EN PRIMER lugar, he de hacer una bochornosa confesión. ­Debido a mi escaso conocimiento del español, durante mucho tiempo he creído que las palabras “en la arena” significaban que te habías extraviado hasta aparecer en una corrida de toros y estabas contemplando desde la barrera el terrible ritual que se representaba ante tus ojos.
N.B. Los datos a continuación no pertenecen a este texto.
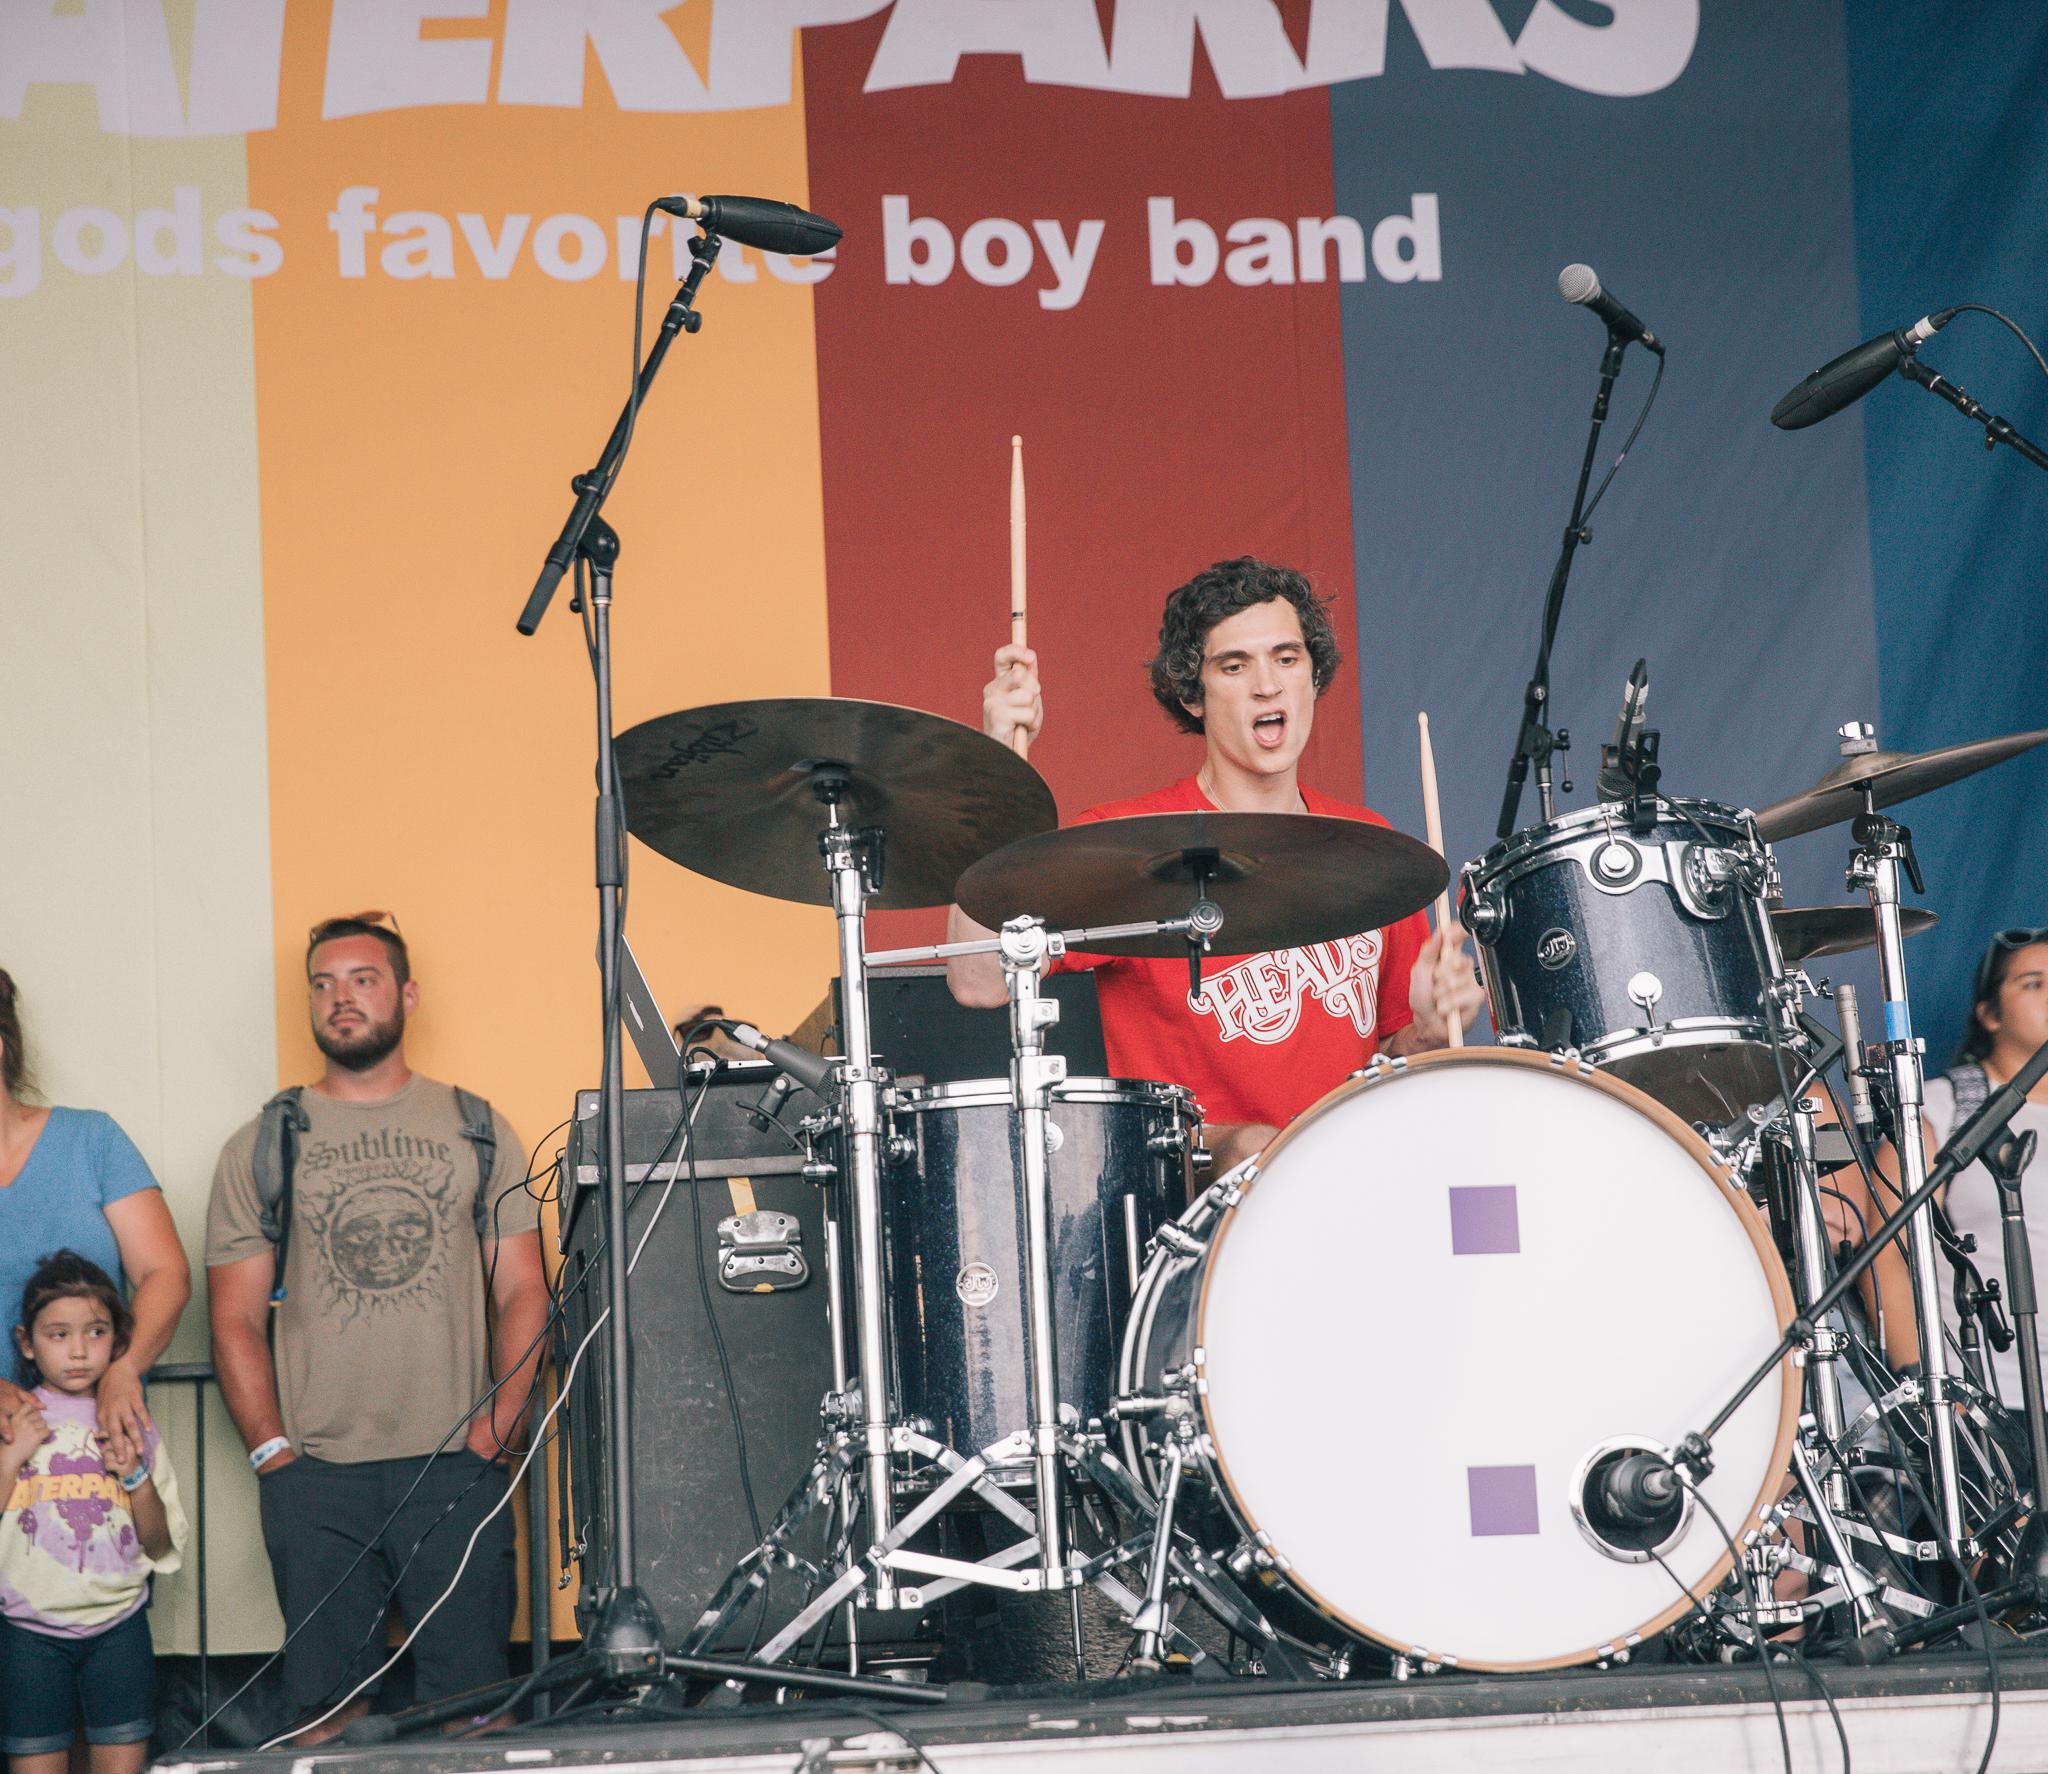 Waterparks at Warped Tour 2018 in San Antonio, TX.

Esto, pensaba, justificaba tu expresión, una mezcla de terror, consternación y desaliento: no podías entender por qué el toro, esa criatura tan espléndida y heroica, era torturado hasta la muerte, metódica y elaboradamente, por hombres que lucían extrañas vestimentas, el jefe de los cuales, ataviado con una llamativa chaqueta, pantalones imposiblemente apretados y sombrero peculiar, parecía un cruce de cura, bailarín y marioneta.

Dado que tu creador, un anciano hastiado con la crueldad y estupidez del mundo, no te dio un título, puede que esté en lo cierto al pensar que no te encuentras, como dicen la mayoría de los entendidos, atrapado en la arena, sino que estás viendo la corrida, que se aproxima lentamente a su miserable final entre el polvo empapado de sangre y las entrañas derramadas de los caballos con petos de los picadores. Espero que sea así y que no estés enterrado hasta el cuello en la arena, sin esperanza de escapatoria o rescate.
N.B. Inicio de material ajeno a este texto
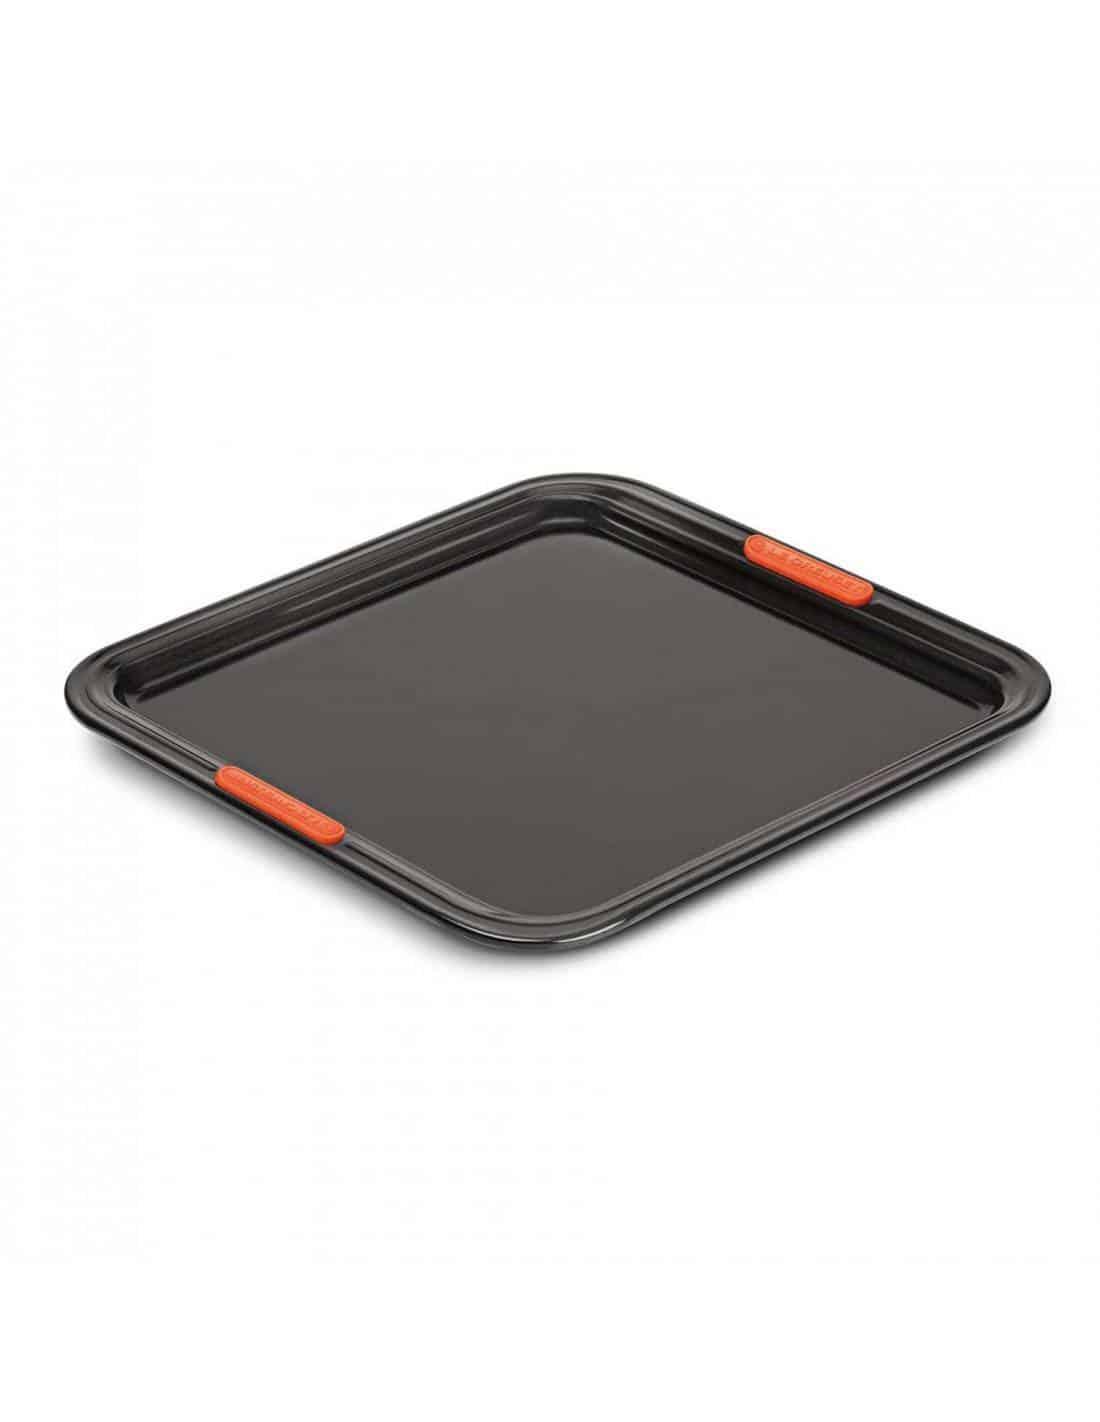 Bakeware & Ovenware Apprehensive Le Creuset Baking Trays X 2 Home, Furniture & Diy

Pero, en cualquier caso, lo que se nos presenta en tu figura, con la maestría de un genio, es una imagen; no, es la quintaesencia de un tormento imposible de mitigar. Esto ya lo sabes.
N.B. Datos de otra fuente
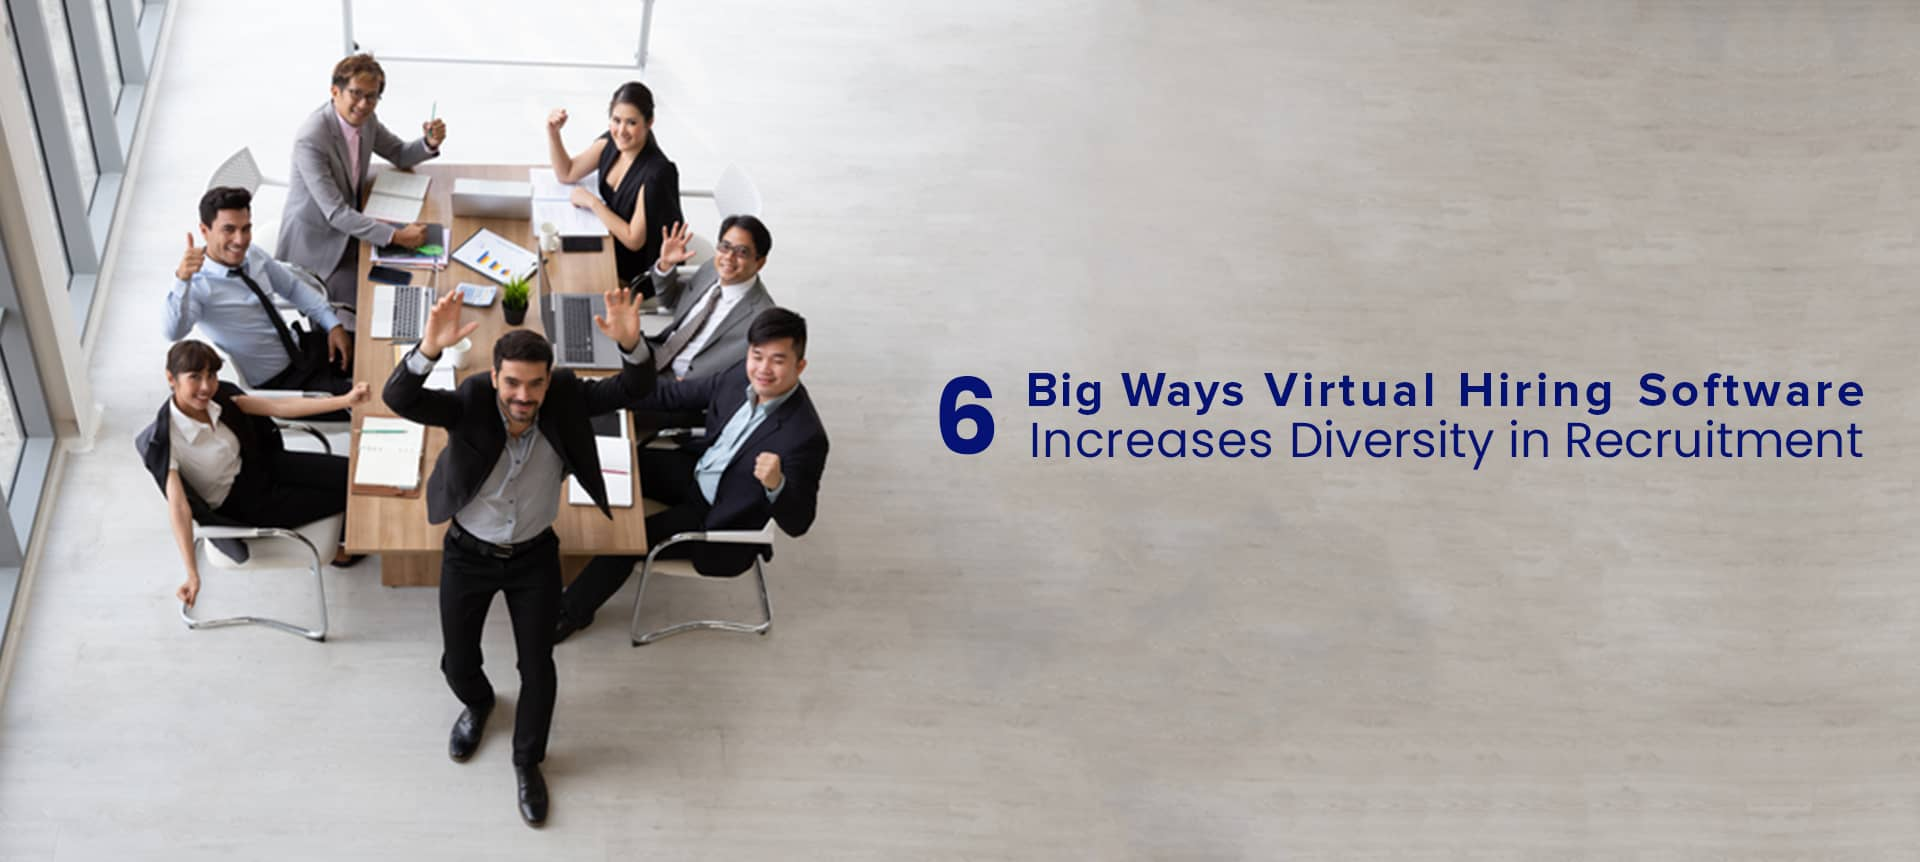 recruiters using virtual hiring software

Siempre que te veo –y trato de visitarte siempre que voy a Madrid– me acuerdo de un aforismo del gran filósofo alemán Friedrich Nietzsche. “Temo que los animales consideren al hombre”, escribió, “como un ser de su misma especie que ha perdido el sano intelecto del animal de la manera más peligrosa, que vean en él al animal irracional, al animal que ríe, al animal que llora, al animal infeliz”.

Al final de su vida, Nietzsche perdió su propia razón. Su derrumbe fue súbito y catastrófico: un día, en una calle de Turín, fue testigo de cómo un cochero azotaba a su caballo: el alemán se abalanzó sobre el cuello del animal y rompió a llorar preso de la angustia. Se lo llevaron y no volvió a pronunciar una palabra el resto de su vida.

Ay, perrito, ¡qué cosa esta de ser hombre, y qué lugar este mundo!

Otro gran artista, Fernando Pessoa, que vivió su corta existencia no muy lejos de donde tú vives la tuya, inmortal, nos asegura que “si el corazón pensara, dejaría de latir”.

Lo que enloquece al animal humano es la certeza de que va a morir. A ti, nos dicen, se te ahorra este aterrador hecho. Tú vives en el momento presente, aunque seguro que a veces –por la noche, o cuando ruge el trueno, o en el lodazal y el clamor de la corrida– te llega el rumor de que un día todo lo que eres dejará de existir. Aunque, hasta entonces, eso es lo que tienes: el hasta entonces.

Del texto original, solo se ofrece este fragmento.